WORK REQUIRED: Retype the listing below exactly, pictures removed.
BEGIN GIVEN DATA
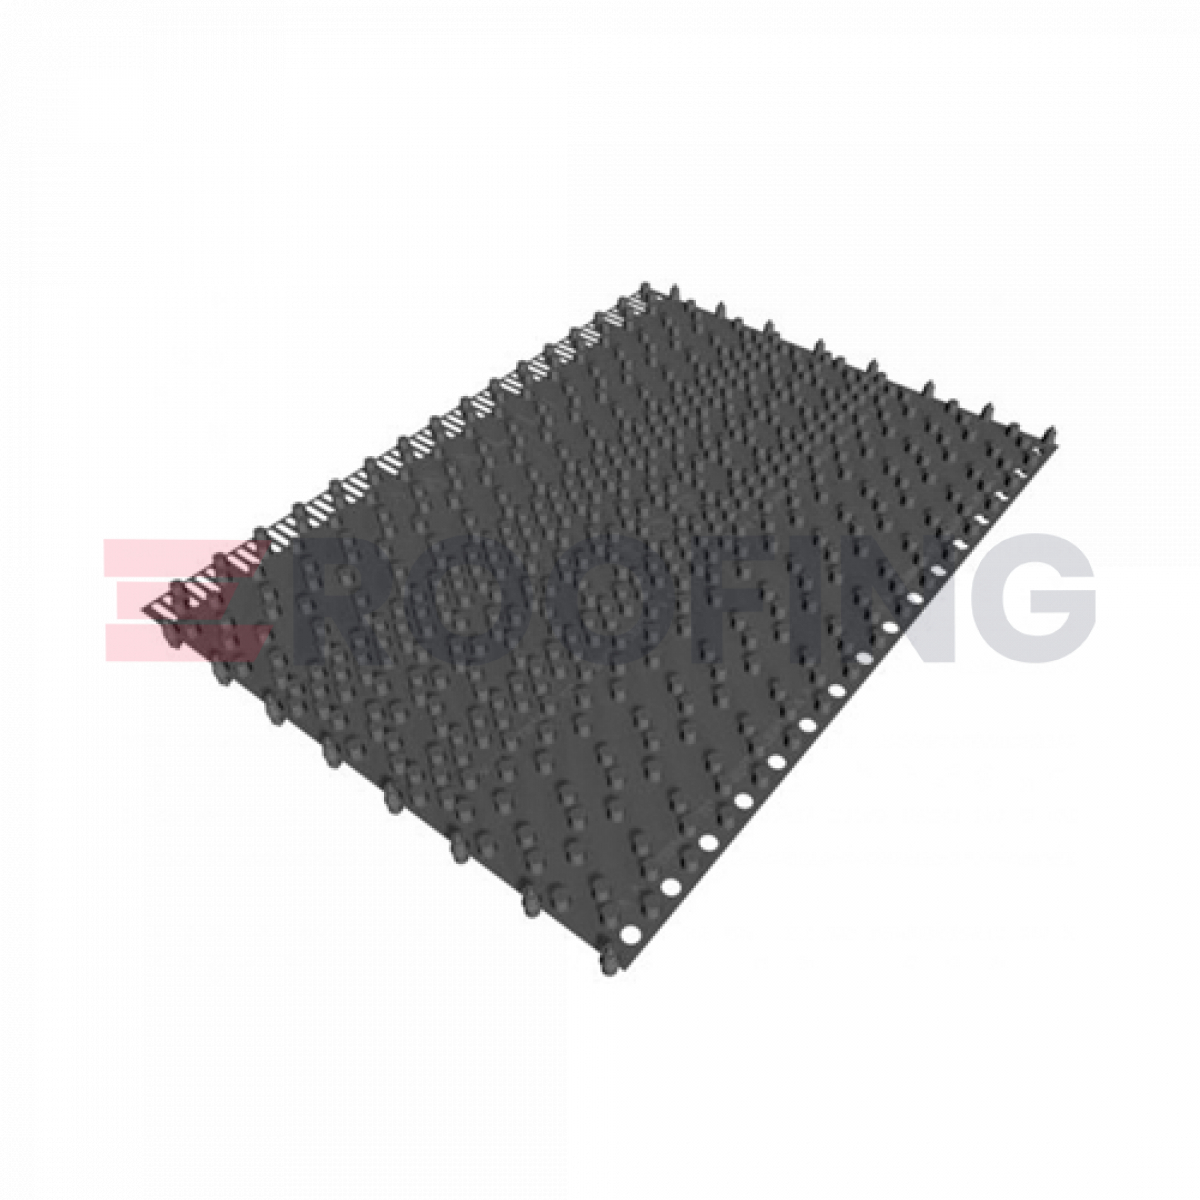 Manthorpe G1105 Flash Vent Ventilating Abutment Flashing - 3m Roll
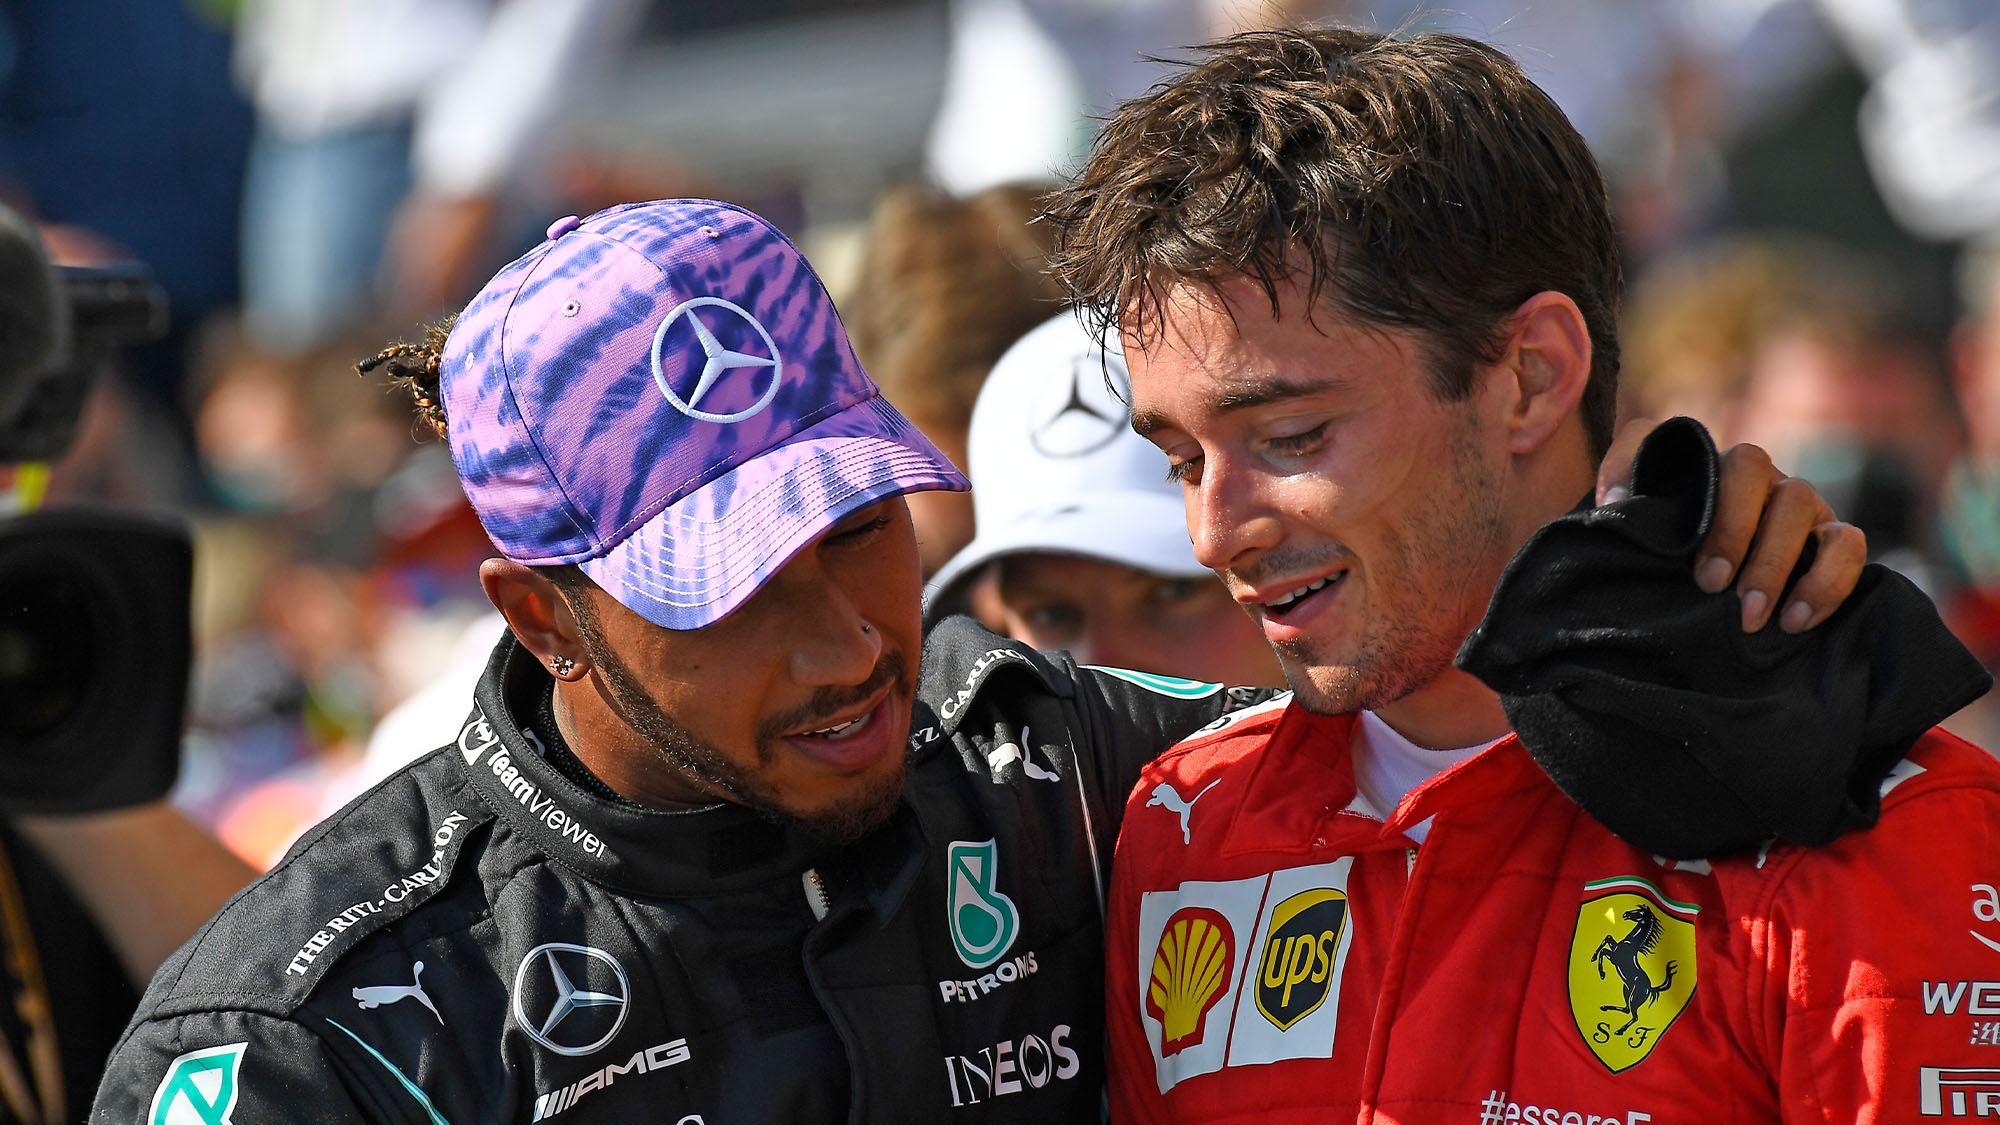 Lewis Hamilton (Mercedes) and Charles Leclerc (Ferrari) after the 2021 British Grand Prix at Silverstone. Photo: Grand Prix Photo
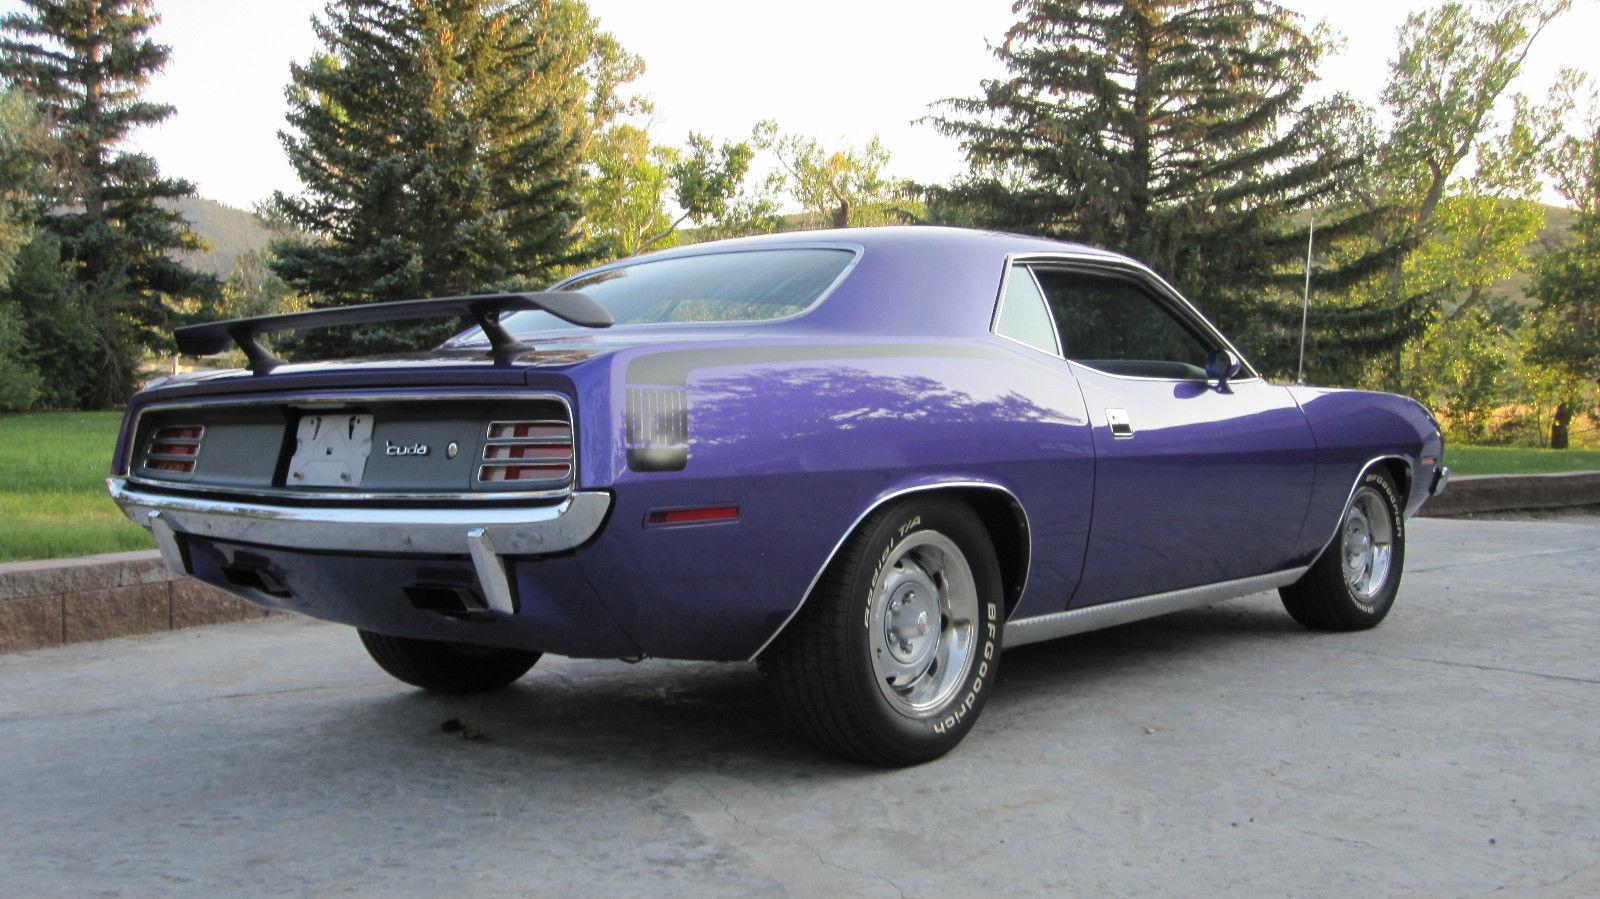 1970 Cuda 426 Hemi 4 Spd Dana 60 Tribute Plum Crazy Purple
END GIVEN DATA
REPLY TO THE EXERCISE:
 Manthorpe G1105 Flash Vent Ventilating Abutment Flashing - 3m Roll
 Lewis Hamilton (Mercedes) and Charles Leclerc (Ferrari) after the 2021 British Grand Prix at Silverstone. Photo: Grand Prix Photo
 1970 Cuda 426 Hemi 4 Spd Dana 60 Tribute Plum Crazy Purple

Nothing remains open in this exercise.